The Royal Melbourne Philharmonic Choir turns this convention on its head by giving a lot of prominence to its orchestra and of course supplementing the number of its own singers needed for maximum effect, bringing well loved carols to an audience which is also encouraged to sing some carols ( by invitation). It’s a formula with great appeal, judging from the packed-out concerts over the one weekend in December that hosts the RMP Carols at St Paul’s Cathedral each year.

As if the cast of not quite thousands were not enough to thrill a packed cathedral, conductor and director of the Choir, Andrew Wailes chooses the full ensemble with great care. Regular readers Roland Rocchiccioli and Julie Houghton join accompanists Adam Cook, piano, and David Macfarlane, organ, while the The Royal Melbourne Philharmonic Choir and Melbourne University Choral Society are joined by the Australian Children’s Choir. All bear witness to Wailes’ mastery of choral direction, yet elements like diction, pitch, harmony and balance are beautifully unforced whatever the carol – and inspire confidence for the audience’s participation in the traditional carols, so enjoyable to sing.

While not quite an “orchestra” RMP Brass and Percussion complement the keyboards and bind the whole sound together, with trumpets, drums and other inevitably Christmassy sounding Instruments heard to greatest advantage in the fanfares. Special mention must also be made of another prominent soloist, harpist Jacinta Dennett whose repertoire included at least one effect new to me, involving articulating the melody in the right hand while the left played a series of arpeggios as accompaniment.

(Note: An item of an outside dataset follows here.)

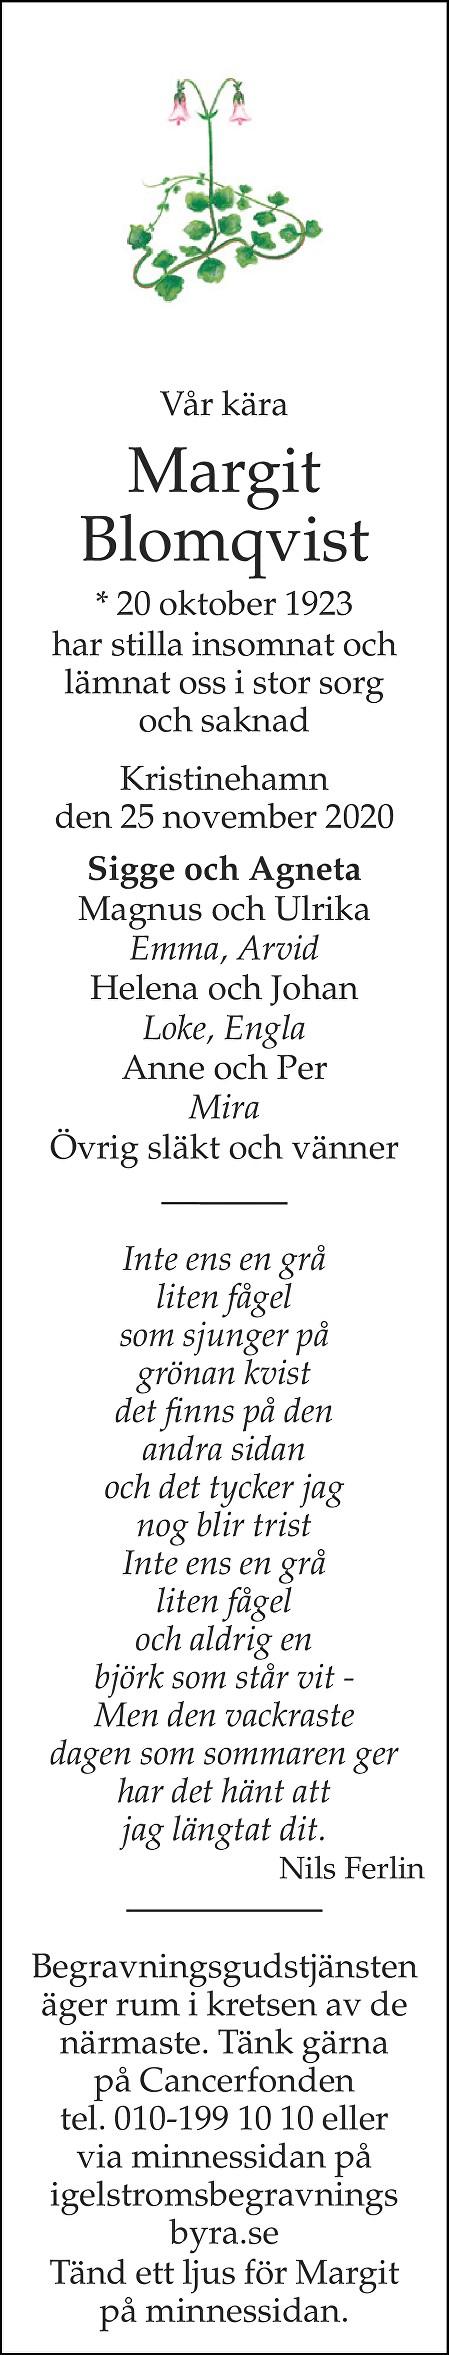 Margit Blomqvist Death notice

The classical guitarist Ziggy Johnston, a fine musician in his own right, mainly had the task of accompanying the soloist Max Riebl, the uncontested star of this year’s concert. His many appearances on the night included leading the choirs in Frisina’s Magnificat, to (nearer the end) the well-loved Stille Nacht and soon after, the final triumph of Adolphe Adams’ O Holy Night, which ended his, well, stellar contribution to this magnificent concert. Riebl’s s voice is a counter tenor, still it seems a relatively unfamiliar concept outside of medieval masses and the like. But there was universal acceptance of the sound once the “shock of the new” subsided. Reibl’s voice was strong and clear, with confidence in the highest of notes and great warmth throughout.

(Those in the know whispered that Max Riebl was the recent winner of this year’s Herald Sun Aria, just one of the arenas in which the young singer is making his name.)

But there was so much more to admire. First, following the winning formula of previous years, and after an opening fanfare, the audience was invited to sing Once in Royal David City, the children’s choir arriving in procession to swell the sound. As well as contributing a fresh treble sound, the ACC was to show a pleasing familiarity with the works of John Rutter as well as carols both old and new. Many more were to follow.

Carols services often tread a difficult path between traditionalists and those who scorn what can seem outdated or irrelevant generally because of the northern hemisphere orientation. So it is pleasing that the RMP Includes such contrasting Australian contributions as Calvin Bowman’s Noel and the William James Christmas carols (in this case The North Wind). The choice of material is interesting enough for its variety, but of greater importance is the quality of sound that Wailes unfailingly draws from his choirs, from the bell-like sopranos to the solid bass line in support of the whole group.

There is so much more that could be written, but I will end – as the concert did – with the “triple treat” that brought it to a close: Beethoven’s Fanfare of the Angels led the entire cathedral into a rousing performance of Hark the Herald Angels Sing, and then as we were leaving the cathedral its pipe organ thundered out a Toccato by Widor, the walls seeming to shake with the sound.

My only regret is having to wait a year to hear such a concert again. I have heard many wonderful concerts this year, including several Christmas concerts reviewed in the past week. But I have to to congratulate Andrew and musicians all, because now it’s beginning to sound a lot like Christmas.